I/O Registry (skbio.io.registry)

Classes

IORegistry() Create a registry of formats and implementations which map to classes.
Format(name[, encoding, newline]) Defines a format on which readers/writers/sniffer can be registered.

Functions

create_format(self, *args, **kwargs) A simple factory for creating new file formats.

Exceptions

DuplicateRegistrationError Raised when a function is already registered in skbio.io
InvalidRegistrationError Raised if function doesn’t meet the expected API of its registration.

Creating a new format for scikit-bio

scikit-bio makes it simple to add new file formats to its I/O registry. scikit-bio maintains a singleton of the IORegistry class called io_registry. This is where all scikit-bio file formats are registered. One could also instantiate their own IORegistry, but that is not the focus of this tutorial.

The first step to creating a new format is to add a submodule in skbio/io/format/ named after the file format you are implementing. For example, if the format you are implementing is called myformat then you would create a file called skbio/io/format/myformat.py.

The next step is to import the create_format() factory from skbio.io.
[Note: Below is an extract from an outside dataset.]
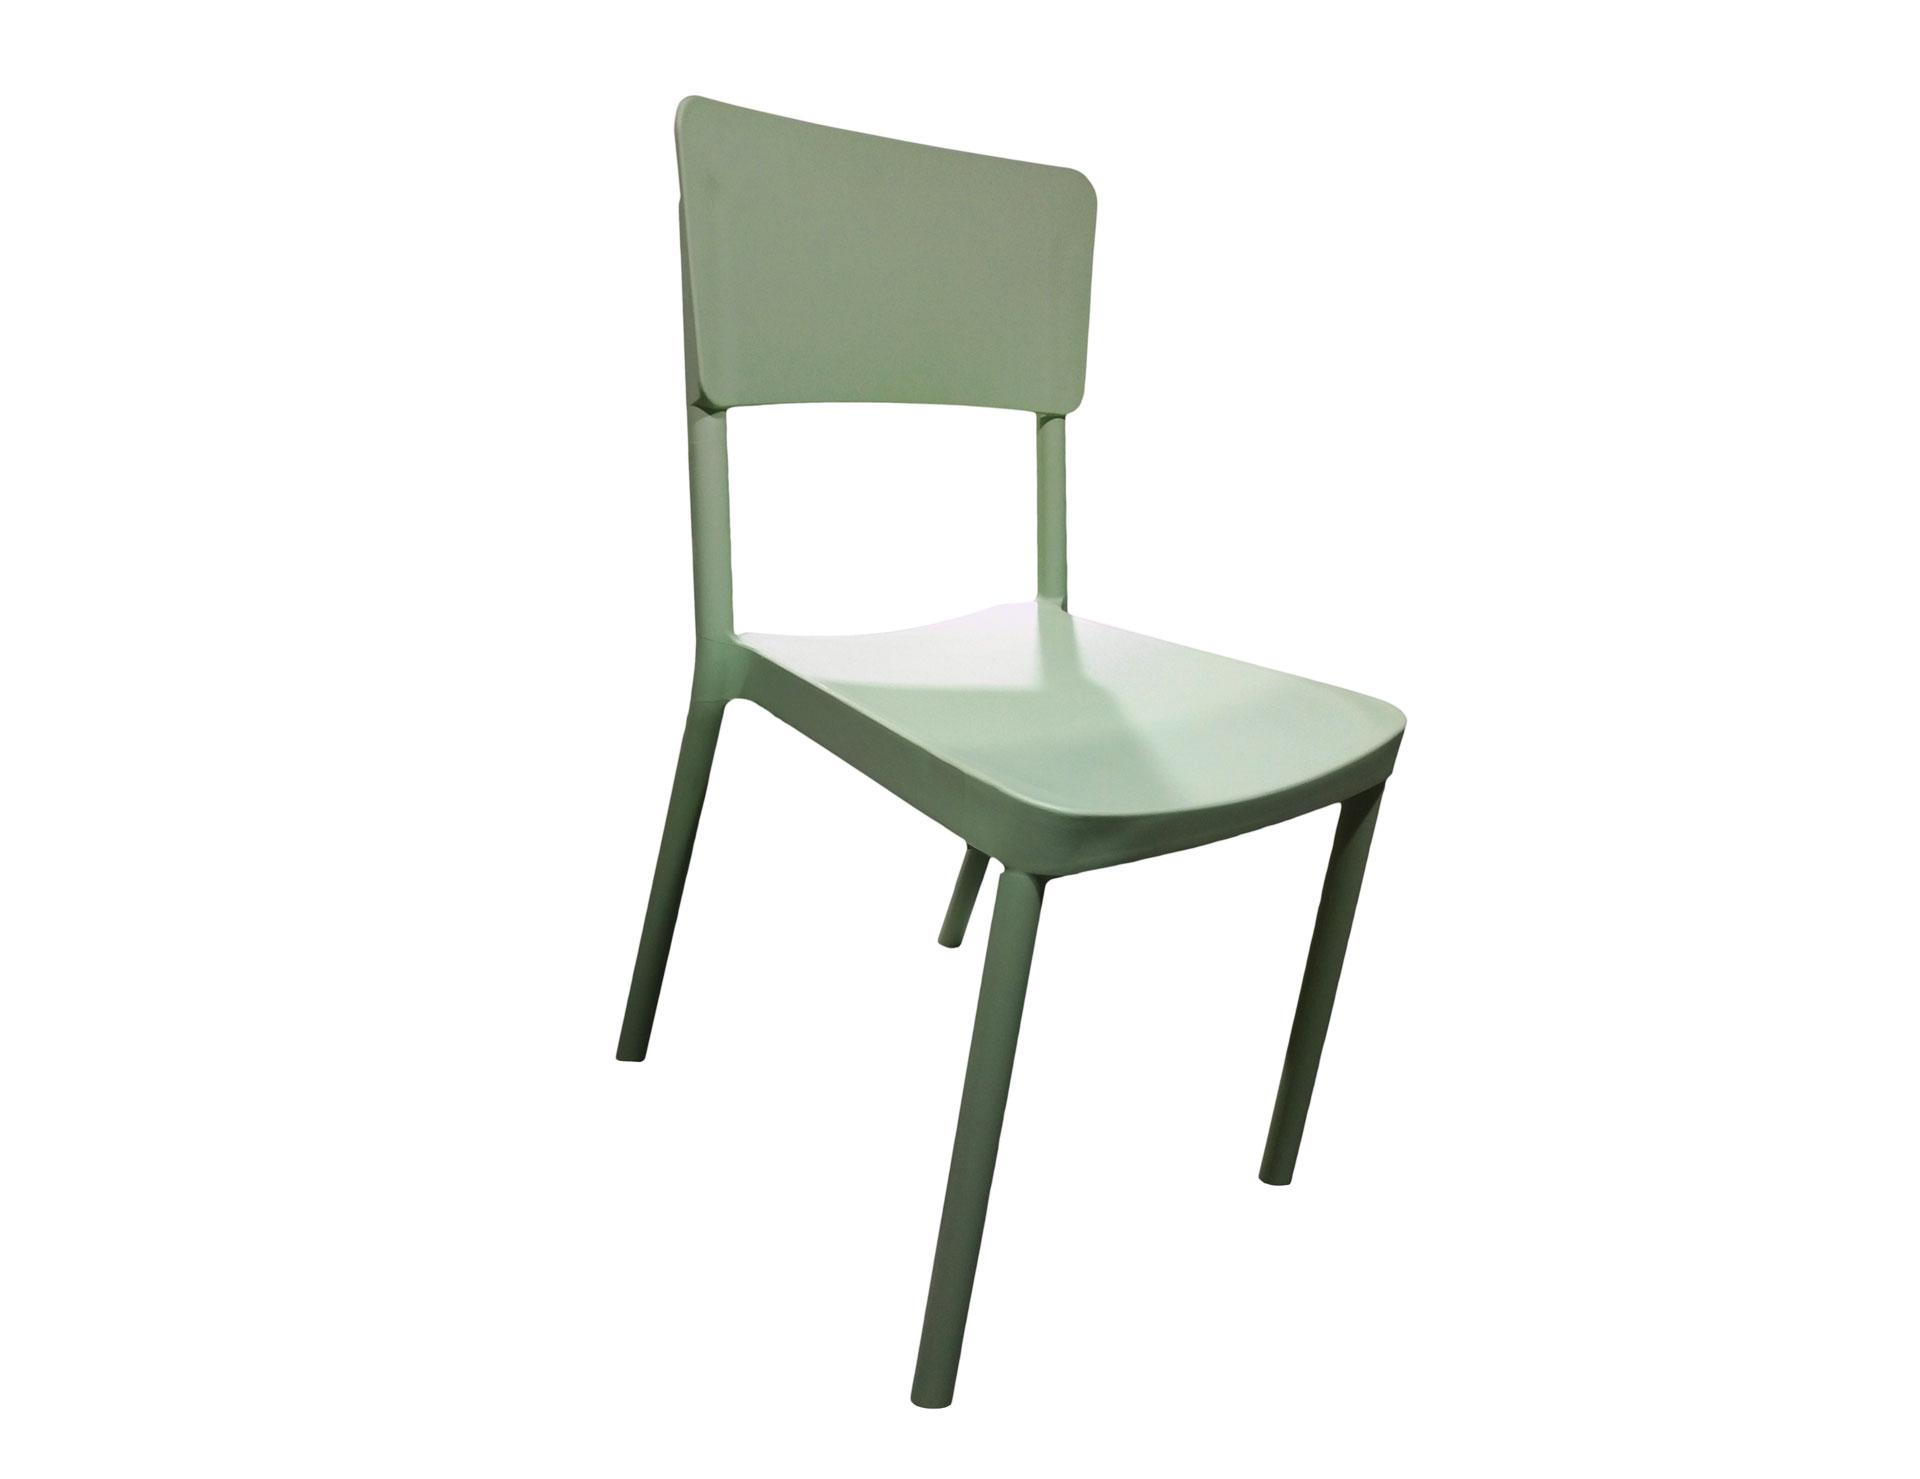 Sedia in Polipropilene

This will allow you to create a new Format object that io_registry will know about.

Ideally you should name the result of create_format() as your file name. For example:

from skbio.io import create_format

myformat = create_format('myformat')

The myformat object is what we will use to register our new functionality. At this point you should evaulate whether your format is binary or text. If your format is binary, your create_format() call should look like this:

myformat = create_format('myformat', encoding='binary')
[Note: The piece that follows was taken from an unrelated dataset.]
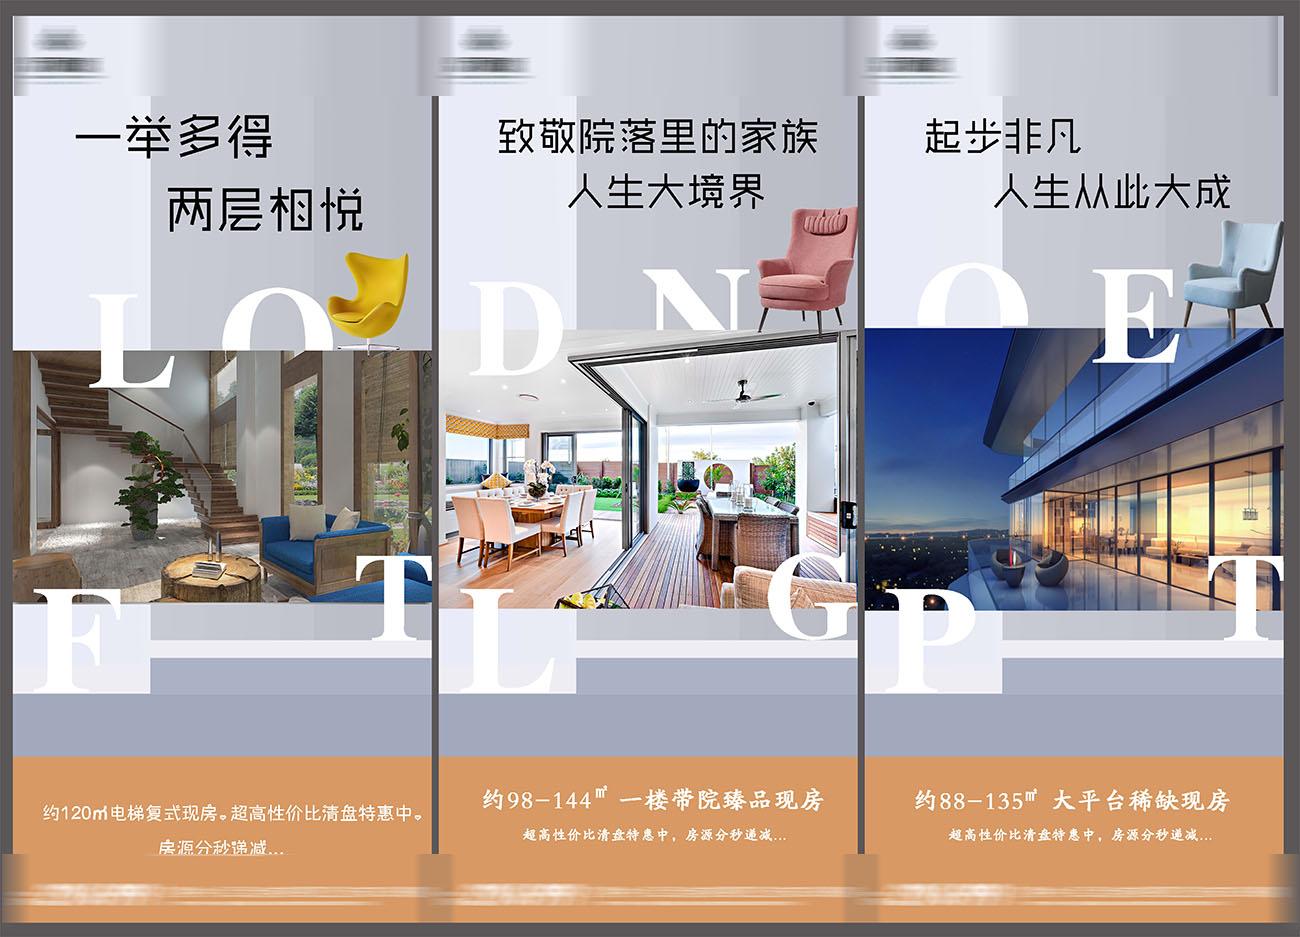 房地产小清新复式楼住宅价值点海报PSD源文件插图

Alternatively if your format is text and has a specific encoding or newline handling you can also specify that:

myformat = create_format('myformat', encoding='ascii', newline='\n')

This will ensure that our registry will open files with a default encoding of ‘ascii’ for ‘myformat’ and expect all newlines to be ‘n’ characters.

Having worked out these details, we are ready to register the actual functionality of our format (e.g., sniffer, readers, and writers).

To create a sniffer simply decorate the following onto your sniffer function:

@myformat.sniffer()
def _myformat_sniffer(fh):
    # do something with `fh` to determine the membership of the file

For futher details on sniffer functions see Format.sniffer().

Creating a reader is very similar, but has one difference:

@myformat.reader(SomeSkbioClass)
def _myformat_to_some_skbio_class(fh, kwarg1='default', extra=FileSentinel):
    # parse `fh` and return a SomeSkbioClass instance here
    # `extra` will also be an open filehandle if provided else None

Here we bound a function to a specific class. We also demonstrated using our FileSentinel object to indicate to the registry that this reader can take auxilary files that should be handled in the same way as the primary file. For futher details on reader functions see Format.reader().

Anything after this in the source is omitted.